B is also not necessarily true. The standard deviation of the sample is not necessarily equal to the population standard deviation. It is usually smaller by a factor of 1/&radicn.
C is not true. The central limit theorem tells us that when the sample size is ≥30, the distribution of the sample mean is approximately normal. However, the shape of the sample distribution itself is not necessarily normal.
D is clearly not true since B and C are not true.
Question 5: The owner of a fish market has an assistant who has determined that the weights of catfish are normally distributed, with mean of 3.2 pounds and standard deviation of 0.8 pound.
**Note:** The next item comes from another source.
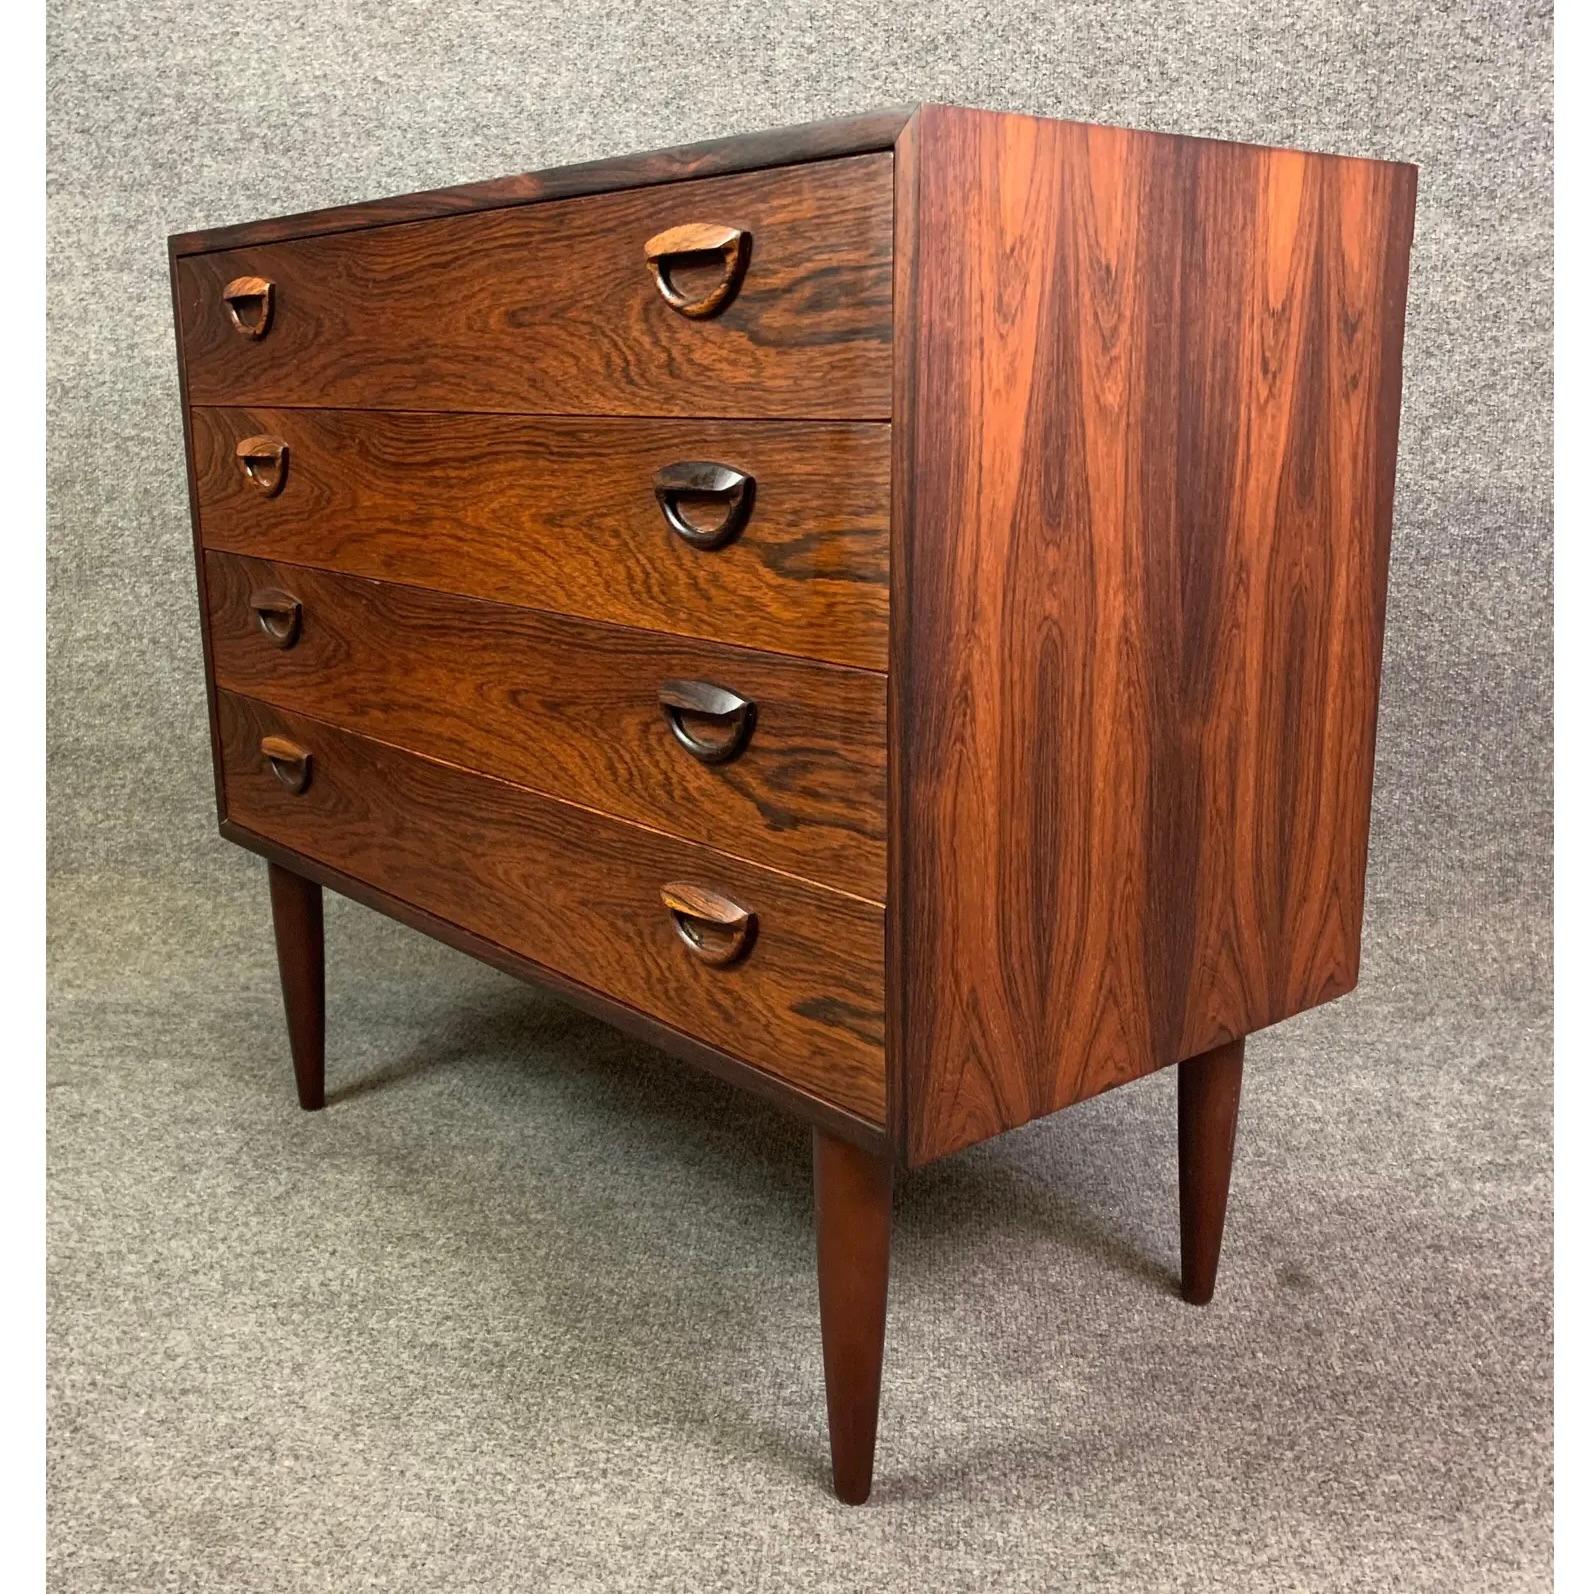 Vintage Danish Mid-Century Rosewood Chest of Drawers Dresser In Good Condition For Sale In San Marcos, CA

If a sample of 25 fish yields a mean of 3.6 pounds, what is the Z-score for this observation?
a) 18.750
b) 2.500
c) 1.875
d) 0.750
When evaluating the sample mean,
z = (xbar-μ)/(σ/√n) Note: This formula is not on the sheet.
= (3.6-3.2)/(0.8/√25)
= 0.4/0.16
= 2.5
So, answer B is correct.
Question 6: A 95% confidence interval for a population mean is determined to be 100 to 120. If the confidence coefficient is reduced to 0.90, the interval for mu
a. becomes narrower
b. becomes wider
c. does not change
d. becomes 0.1
Answer: No calculations are necessary here. It's completely conceptual. The general rule is: A higher level of confidence requires a wider confidence interval. Therefore, if we reduce the level of confidence to 90%, the confidence interval can be narrower. Answer A is the correct answer.

Exhibit 8-3
The manager of a grocery store has taken a random sample of 100 customers. The average length of time it took these 100 customers to check out was 3.0 minutes. It is known that the standard deviation of the population of checkout times is 1 minute.
Question 7: Refer to Exhibit 8-3. The standard error of the mean equals
a. 0.001
b. 0.010
c. 0.100
d. 1.000
Answer: The standard error of the mean is:
σ/√n = 1/√100 = 1/10 = 0.1
The correct answer is C.
Question 8: Refer to Exhibit 8-3. With a .95 probability, the sample mean will provide a margin of error of
a. 1.96
b. 0.10
c. 0.196
d. 1.64
Answer: The margin of error is the plus/minus term in the confidence interval. In this case, since we know the population standard deviation, the margin of error term is:
From the z-table, we find that z0.025 = 1.96
margin of error, E = 1.96(1/√100) = 0.196
Answer C is correct.
Question 12: When the following hypotheses are being tested at a level of significance of α
H0: μ ≥ 100 Ha: μ < 100
the null hypothesis will be rejected if the p-value is
a. < α
b. > α
c. > α/2
d. < α/2
Answer: First, we notice that this is a one-tailed hypothesis test. The rejection region is entirely to one side of the mean.
Our general rule is If p is low, H0 must go. So, if p is less than α, we reject the null hypothesis. Answer A is correct.
Question 13: In order to test the following hypotheses at an α level of significance
H0: μ ≤ 100 Ha: μ > 100
the null hypothesis will be rejected if the test statistic Z is
a. > Zα
b. < Zα
c. < -Zα
d. > Zα/2
Answer: We've got a one-tailed hypothesis again. This time, the rejection region is in the right-hand tail. Therefore, we reject H0 if the test statistic is more extreme (i.e. further to the right) than the Zα. So answer A is correct.
Question 14: Your investment executive claims that the average yearly rate of return on the stocks she recommends is more than 10.0%. She takes a sample to prove her claim. The correct set of hypotheses is
a. H0: μ = 10.0% Ha: μ ≠ 10.0%
b. H0: μ ≤ 10.0% Ha: μ > 10.0%
c. H0: μ ≥ 10.0% Ha: μ < 10.0%
Answer: I don't really like this question because it sounds like she's making a claim based on a status quo of the return rate being > 10%. Since the null hypothesis is about the status quo, I'm tempted to pick answer C. Unfortunately, that's not the right way to look at it in this case.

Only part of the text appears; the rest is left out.